--- What you are asked to do ---
Restate the last part of the records below word for word, beginning at the line with "Костюмчик для дівчинки: футболка" and ending at the final line.

--- Dataset records ---

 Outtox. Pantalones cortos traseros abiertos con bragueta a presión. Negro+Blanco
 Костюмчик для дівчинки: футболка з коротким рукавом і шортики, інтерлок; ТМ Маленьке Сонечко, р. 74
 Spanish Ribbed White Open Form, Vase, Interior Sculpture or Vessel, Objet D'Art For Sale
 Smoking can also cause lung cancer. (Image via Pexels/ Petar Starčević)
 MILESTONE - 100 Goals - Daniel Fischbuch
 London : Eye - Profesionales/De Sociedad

--- Response area ---
 Костюмчик для дівчинки: футболка з коротким рукавом і шортики, інтерлок; ТМ Маленьке Сонечко, р. 74
 Spanish Ribbed White Open Form, Vase, Interior Sculpture or Vessel, Objet D'Art For Sale
 Smoking can also cause lung cancer. (Image via Pexels/ Petar Starčević)
 MILESTONE - 100 Goals - Daniel Fischbuch
 London : Eye - Profesionales/De Sociedad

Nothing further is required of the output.